Pero el tiempo pasa, la gracia de Dios permanece siempre activa, y además llega la hora de que lo de “comulgar con ruedas de molino”, y argumentos similares no puede mantenerse ya indefinidamente intangible. La adultez es todo un proceso, sin exención, sino todo lo contrario, para cuanto tenga de alguna manera relación con la fe, y al crecimiento demandado por los años. Precisamente cuanto se enmarca en el adoctrinamiento religioso ha de distinguirse por no registrarse en él ni lagunas ni estancamientos. El principio filosófico de “natura non facit saltus” prescribe y requiere una ordenada y global evolución y progreso, con repercusión capital en las esferas de la inteligencia y del discernimiento.
Sí, la Iglesia jamás podrá dimitir de su función docente. Gracias a ella es “camino, es verdad y es vida”. Huelga referir que Iglesia-Iglesia somos todos -también el resto del Pueblo de Dios- y que la Jerarquía por Jerarquía no podrá acaparar la enseñanza con exclusividad alguna. Es posible que en esta tarea de la Iglesia se instalen personas dotadas de los correspondientes títulos universitarios que les reconozcan y proclamen como expertos y peritos en ciencias teológicas en su multiplicidad de áreas, secciones o especialidades. Pero es posible, y frecuente también, que precisamente en cuanto se inserta en la vida o se relaciona con ella, por muchas ciencias teológicas que dominen, apenas si alcanzaron un “aprobado” por falta de experiencia propia o por deformación en la referencia y presentación de la misma. Tal circunstancia lleva consigo cuestionar y aún descalificar la legitimidad de la enseñanza que le supondría su pertenencia y representación de la Iglesia “docens”.

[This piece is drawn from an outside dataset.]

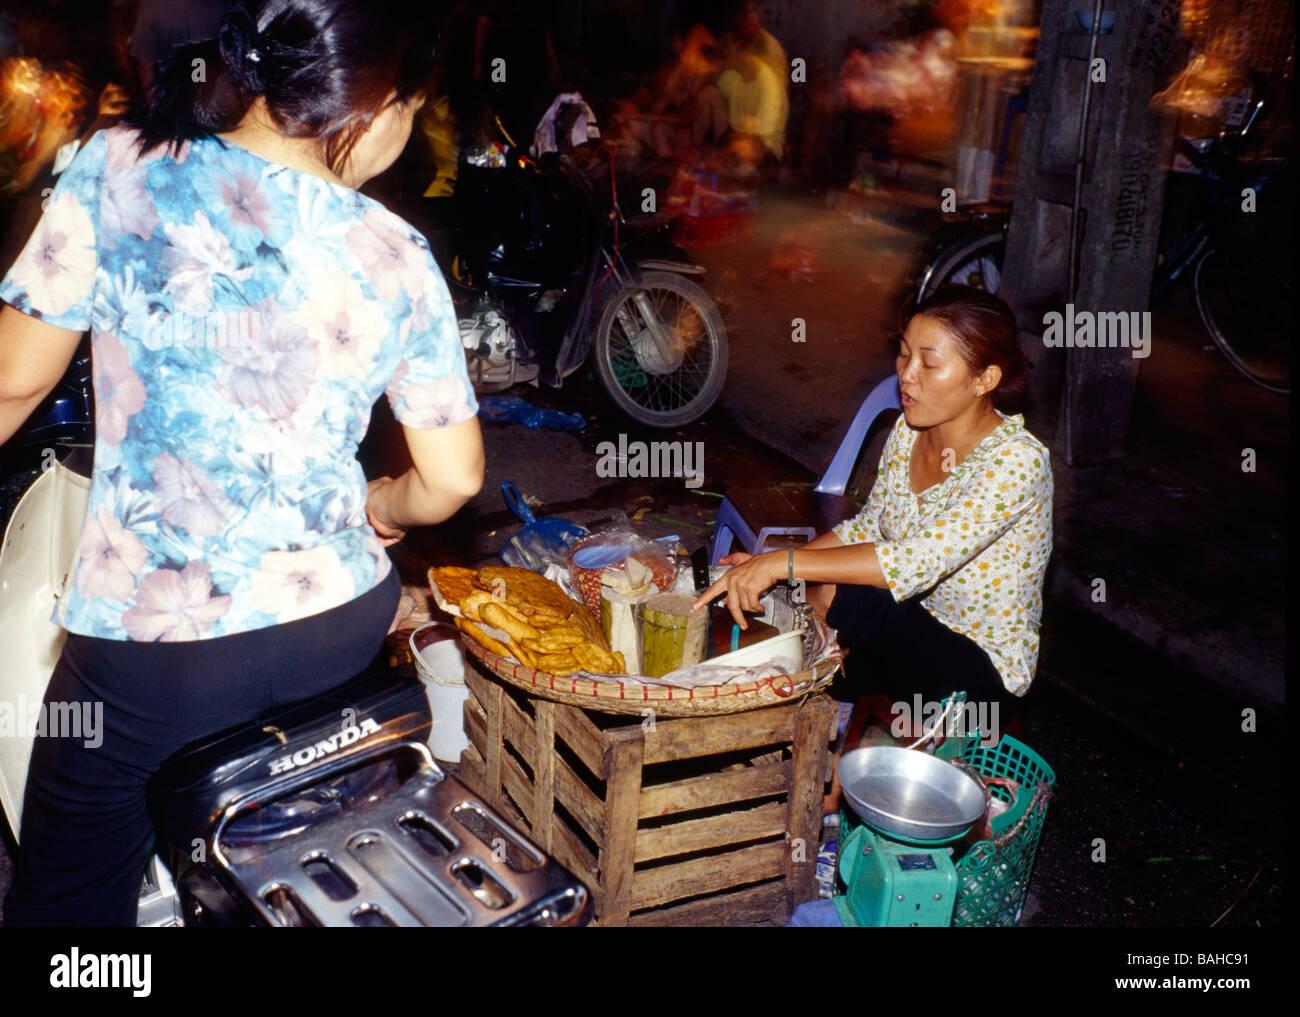 Stock Photo - street food vendor, night market, Hanoi, Vietnam

La nuda, rutinaria y simplista división de Iglesia en “docente” -que enseña- aplicada a la Jerarquía, y en “discente”-que es enseñada-, asignada al Pueblo de Dios, no parece en la actualidad contar con muchos partidarios ni en la teoría ni en la práctica. Da la impresión de que toda la Iglesia, desarrollada como exigen los tiempos, los dogmas y las verdades, es la de que desde sus respectivos ángulos, perspectivas y compromisos ha de afrontar la sagrada tarea adoctrinadora con la palabra, los medios de comunicación social y el ejemplo, de formar y reformar la Iglesia, toda la Iglesia.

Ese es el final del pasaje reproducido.